I’m using VAR to forecast the spy using oil. I’m noticing that applying an oil shock does not affect pricing forcasting
I defined a function to apply an oil shock to the end of the data for simplicity
import yfinance as yf
import pandas_datareader.data as web
import pandas as pd
import numpy as np
from statsmodels.tsa.api import VAR
import matplotlib.pyplot as plt
def apply_shock(data, shock_key, total_shock_percentage, shock_periods):
if shock_key in data.columns and shock_periods > 0:
increment = total_shock_percentage / 100
print(f"Applying a total shock of {total_shock_percentage}% over {shock_periods} periods")
for i in range(shock_periods):
period_index = -(shock_periods - i)
date = data.index[period_index]
original_value = data[shock_key].iloc[period_index]
shock_increment = original_value * ((i + 1) / shock_periods * increment)
data[shock_key].iloc[period_index] += shock_increment
print(f"Date {date}: Original {shock_key} value = {original_value:.4f}, Increment = {shock_increment:.4f}, Shocked {shock_key} value = {data[shock_key].iloc[period_index]:.4f}")
return data
Then I fetch the data and apply the VAR model
# Define the variables
startDate = '2000-01-01'
endDate = '2024-07-01'
periodsInMonths = 12
# Shock variables
total_shock_percentage = 30 # Total shock percentage
shock_periods = 5 # Number of periods to spread the shock over
shock_key = 'Oil' # The key in the data to which the shock should be applied
maxlags = 6
# Fetch data
data = pd.DataFrame()
# Fetch SPY data
spy = yf.download('SPY', start=startDate, end=endDate)
spy = spy['Adj Close']
spy = spy.tz_localize(None) # Remove timezone information
spy = spy.resample('M').ffill()
data['SPY'] = spy
# Fetch Oil data
oil = web.DataReader('DCOILWTICO', 'fred', start=startDate, end=endDate)
oil = oil.tz_localize(None) # Remove timezone information
oil = oil.resample('M').ffill()
data['Oil'] = oil
# Forward fill the missing data
data.ffill(inplace=True)
# Ensure the index has the correct frequency
data.index = pd.to_datetime(data.index)
data = data.asfreq('M')
# Drop any remaining NaN values
data.dropna(inplace=True)
# Apply the shock to the specified key in the data
data = apply_shock(data, shock_key, total_shock_percentage, shock_periods)
# Fit the VAR model on monthly data
model = VAR(data)
lag_order = model.select_order(maxlags)
print(f"Selected lag order: {lag_order.summary()}")

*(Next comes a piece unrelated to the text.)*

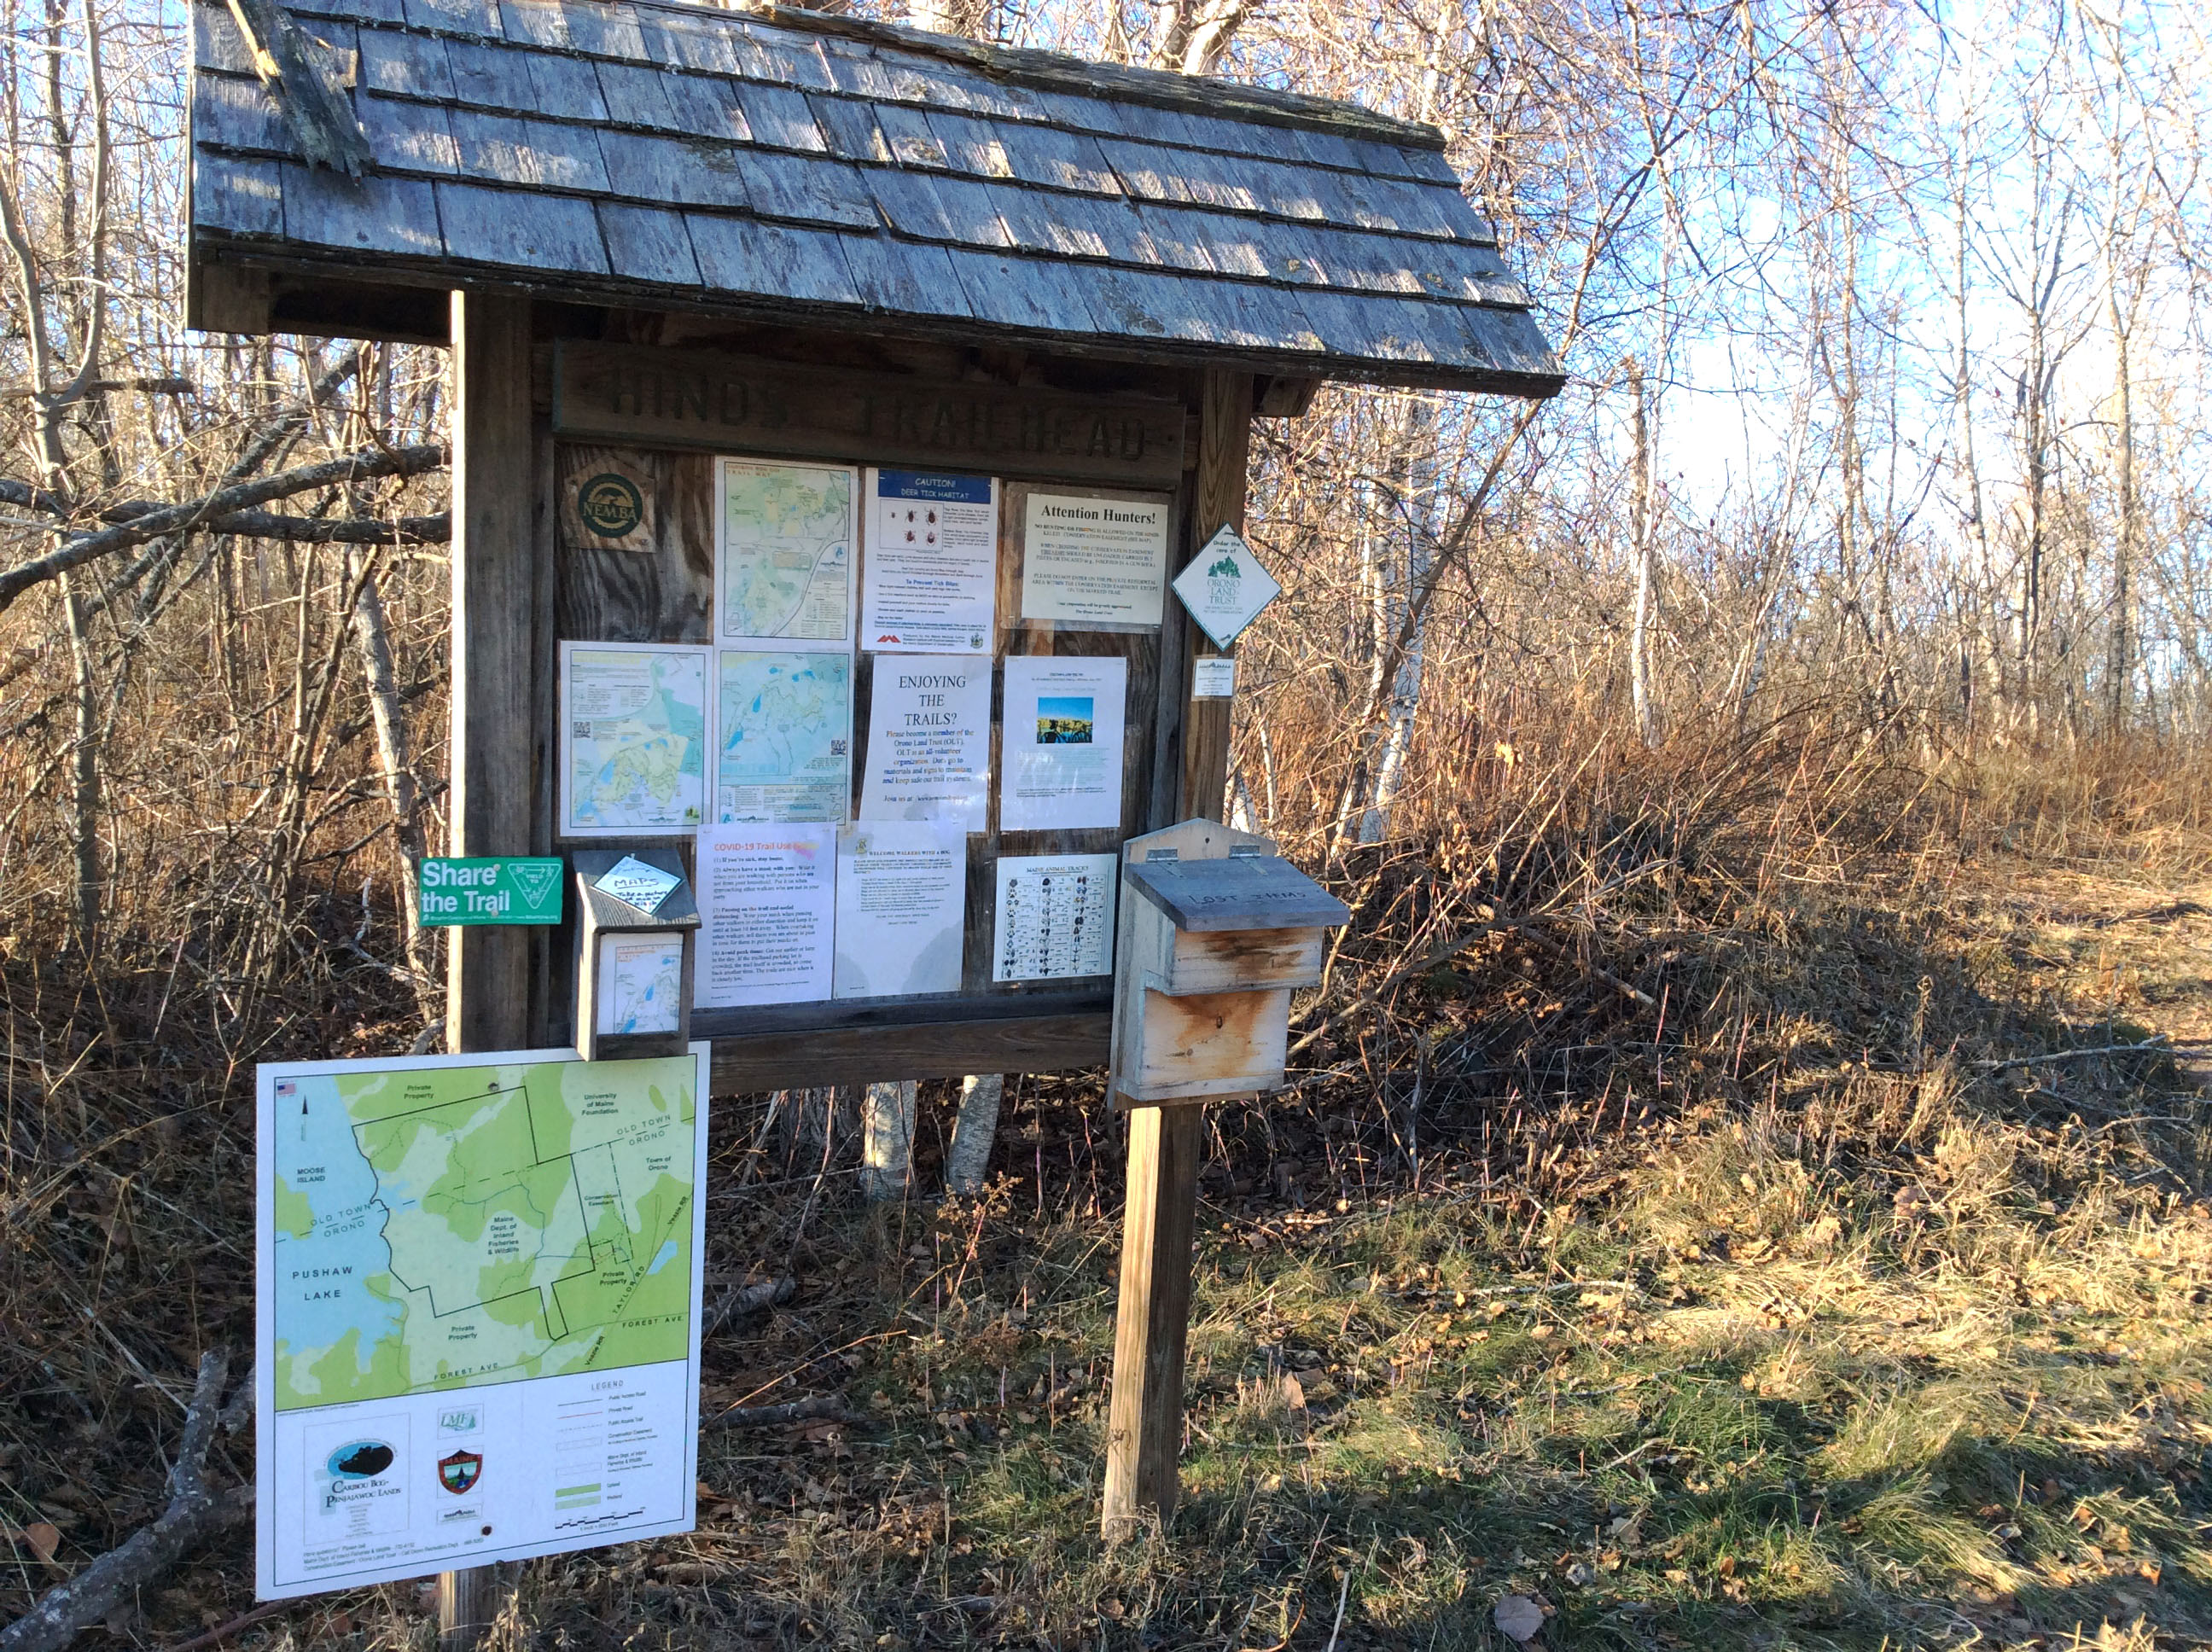 Trails at the Caribou Bog Conservation Area (CBCA) are well marked. This Taylor Road kiosk displays maps and information for the hiker, biker or ski enthusiast.

results = model.fit(lag_order.aic)
# Forecasting
forecast_input = data.values[-results.k_ar:]
forecast = results.forecast(y=forecast_input, steps=periodsInMonths)
forecast_df = pd.DataFrame(forecast, index=pd.date_range(start=data.index[-1], periods=periodsInMonths, freq='M'), columns=data.columns)
# Append forecast to original data for plotting
combined = pd.concat([data, forecast_df])
# Normalize the data for plotting
data_normalized = data / data.iloc[0] * 100
forecast_df_normalized = forecast_df / data.iloc[0] * 100
combined_normalized = pd.concat([data_normalized, forecast_df_normalized])
When I apply even a 100% oil shock this does not reflect in the any way similar to how it has historically for the SPY.
Here’s the plot code for more clarity
# Plot the original data and forecast with shock
plt.figure(figsize=(12, 6))
plt.plot(data_normalized['SPY'], label='SPY (Original)', color='blue')
plt.plot(forecast_df_normalized['SPY'], label='SPY (Forecast)', linestyle='--', color='blue')
plt.plot(data_normalized['Oil'], label='Oil (Original)', color='green')
plt.plot(forecast_df_normalized['Oil'], label='Oil (Forecast)', linestyle='--', color='green')
plt.axvline(x=data.index[-1], linestyle='--', color='grey') # Mark the forecast start
plt.legend()
plt.xlabel('Time')
plt.ylabel('Normalized Values (Base 100)')
plt.title(f'VAR Model: Original Data and Forecast with Incremental {shock_key} Shock')
plt.show()
I’ve also tried increasing the max lags, however the forecasting seems to still ignore the shock.
How can I improve forecasting in the VAR model?